Segment Open

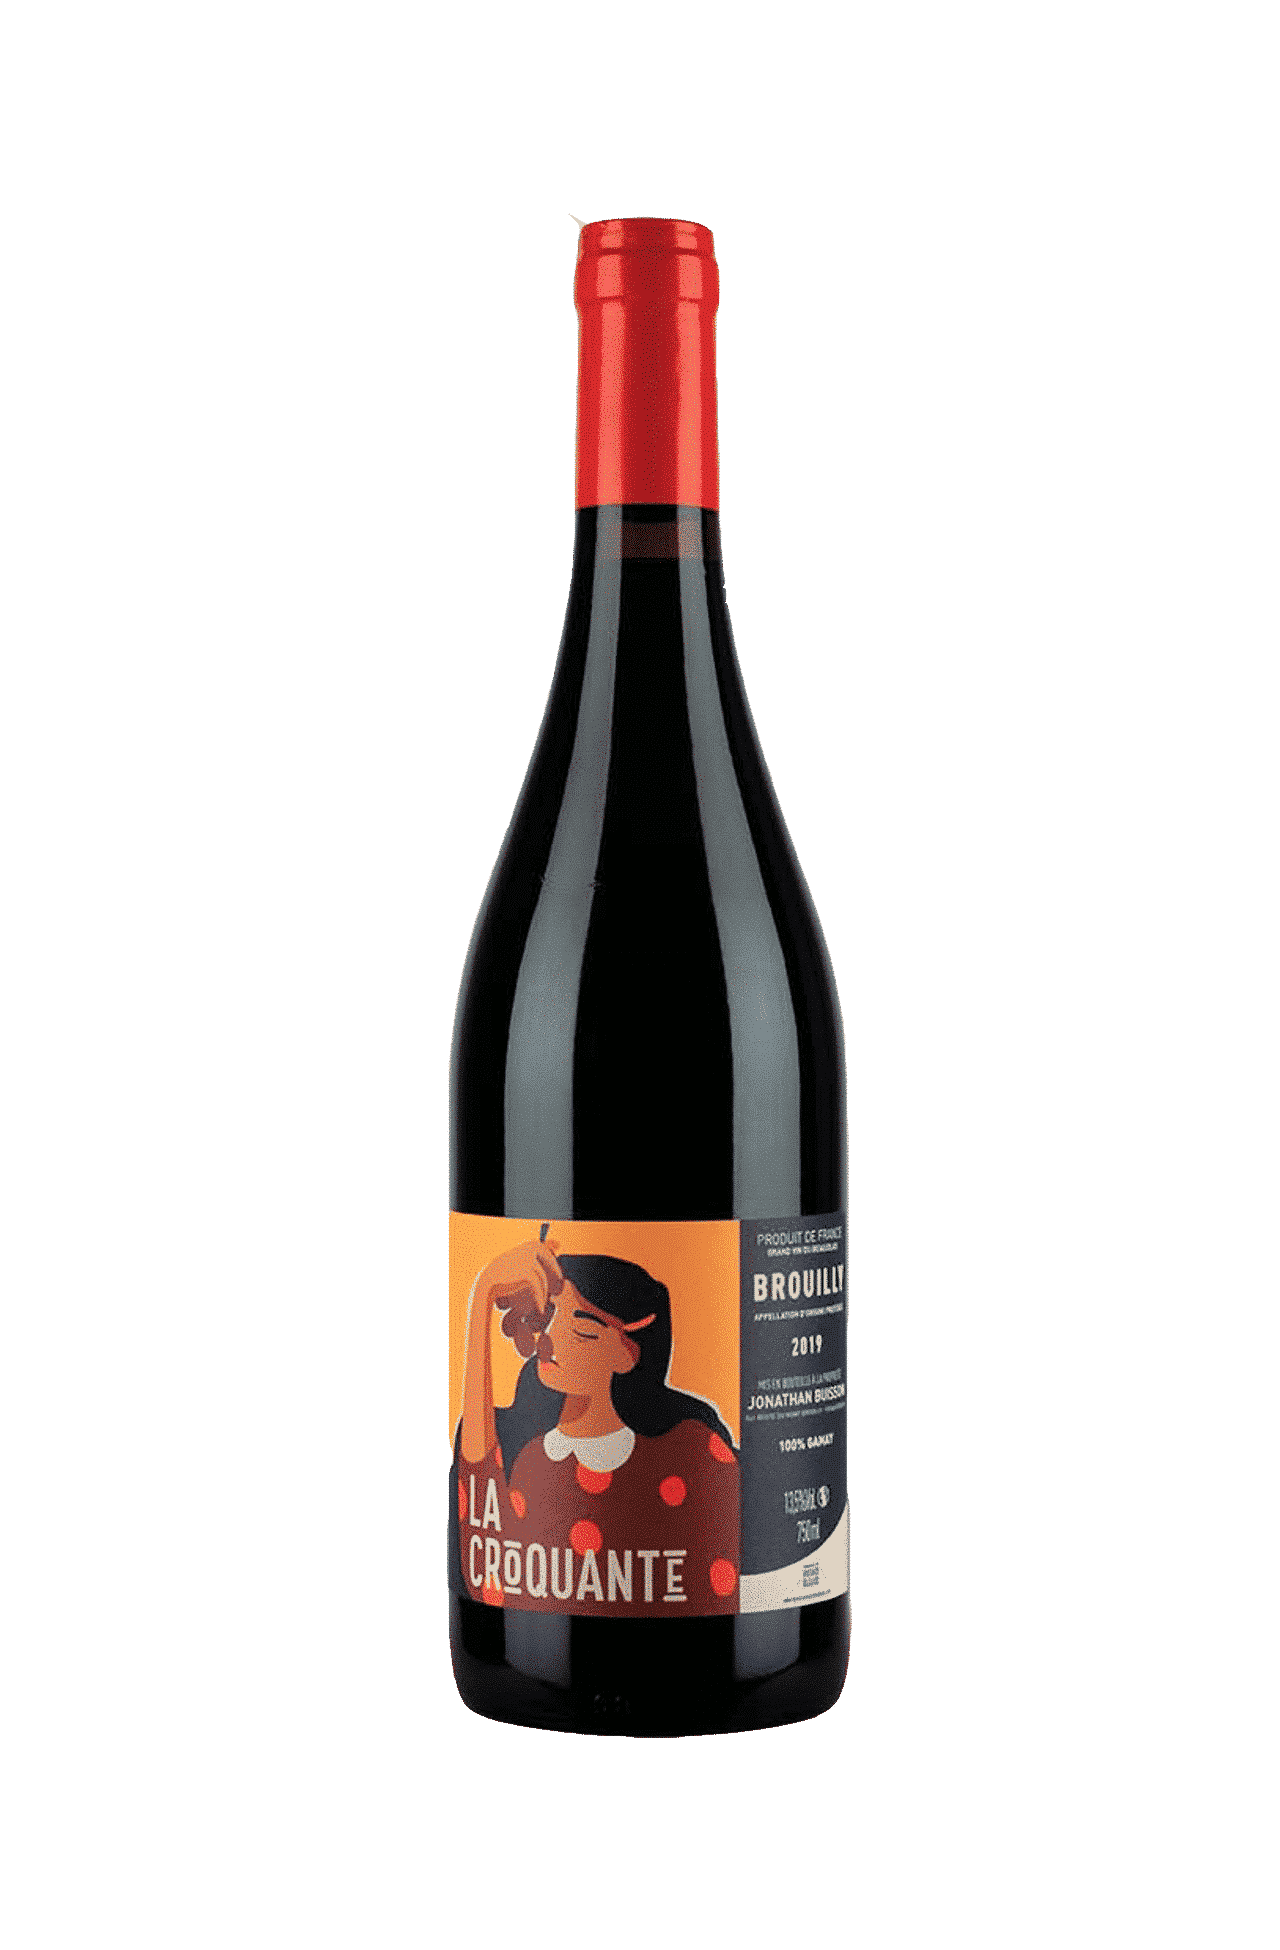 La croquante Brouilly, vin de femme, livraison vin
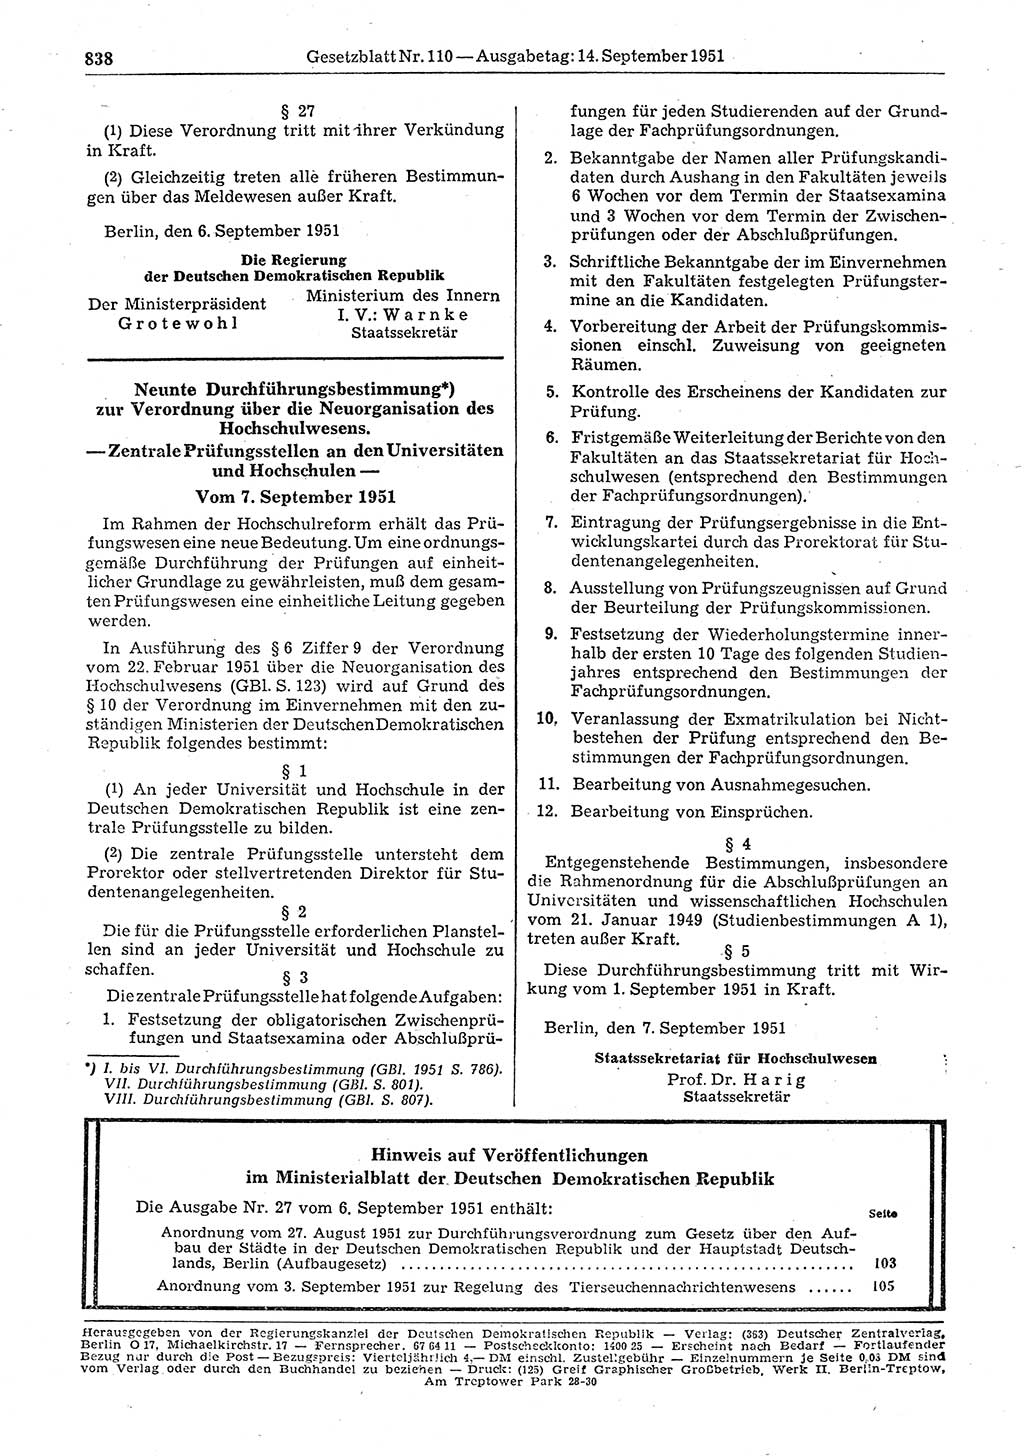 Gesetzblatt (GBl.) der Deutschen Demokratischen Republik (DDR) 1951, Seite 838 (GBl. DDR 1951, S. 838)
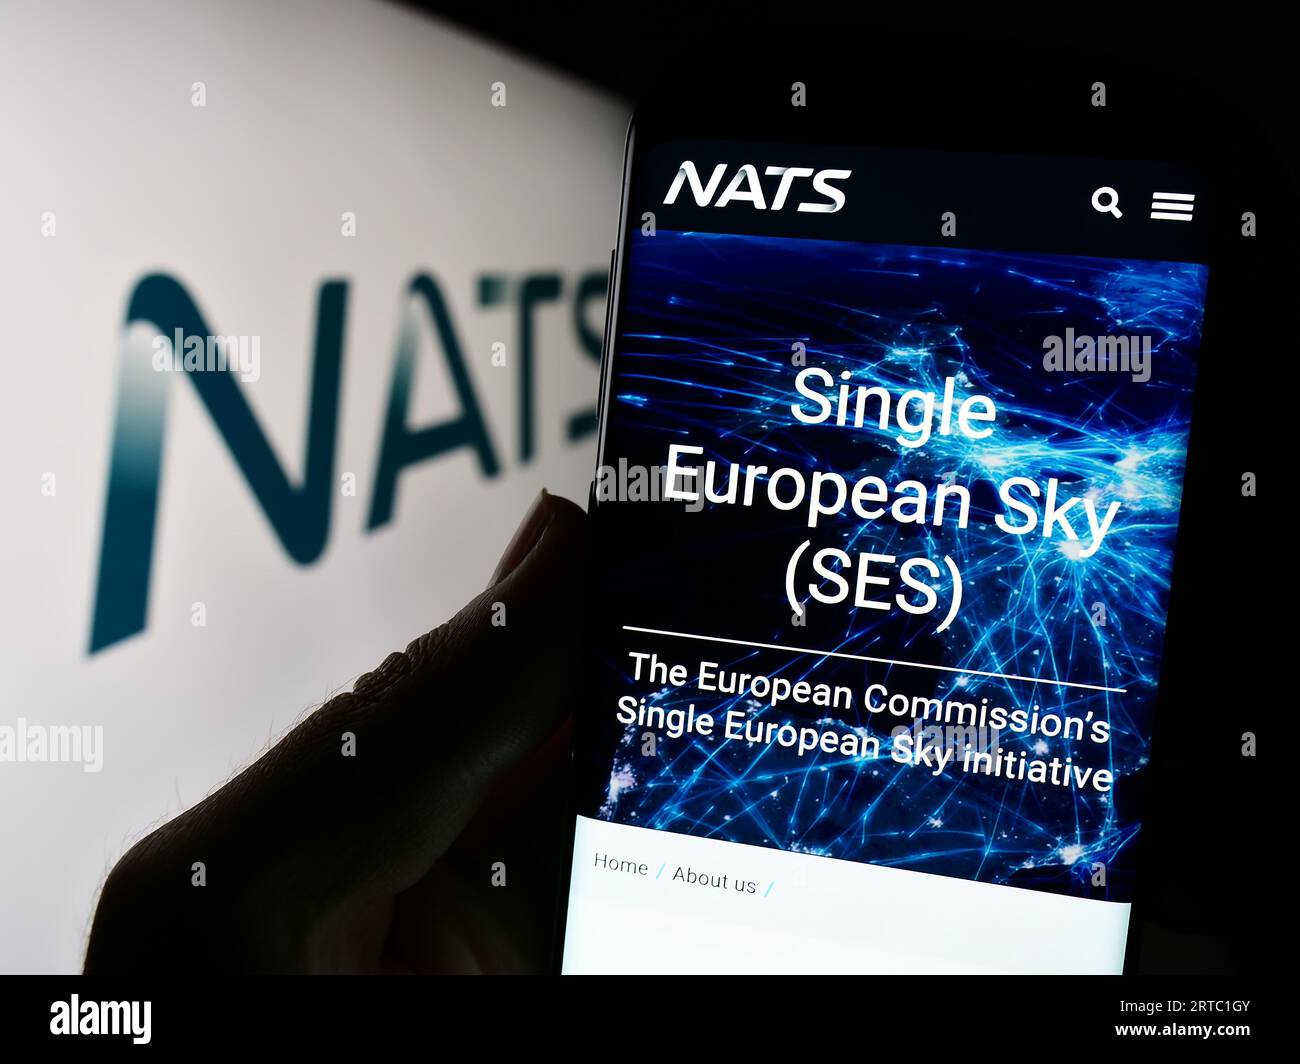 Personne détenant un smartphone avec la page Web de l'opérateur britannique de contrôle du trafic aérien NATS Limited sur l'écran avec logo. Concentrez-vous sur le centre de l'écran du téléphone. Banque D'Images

Segment Closed

*YOUR INSTRUCTIONS*.
Leave out the images and write out the listing above exactly.

*WRITTEN SOLUTION*.
 La croquante Brouilly, vin de femme, livraison vin
 Gesetzblatt (GBl.) der Deutschen Demokratischen Republik (DDR) 1951, Seite 838 (GBl. DDR 1951, S. 838)
 Personne détenant un smartphone avec la page Web de l'opérateur britannique de contrôle du trafic aérien NATS Limited sur l'écran avec logo. Concentrez-vous sur le centre de l'écran du téléphone. Banque D'Images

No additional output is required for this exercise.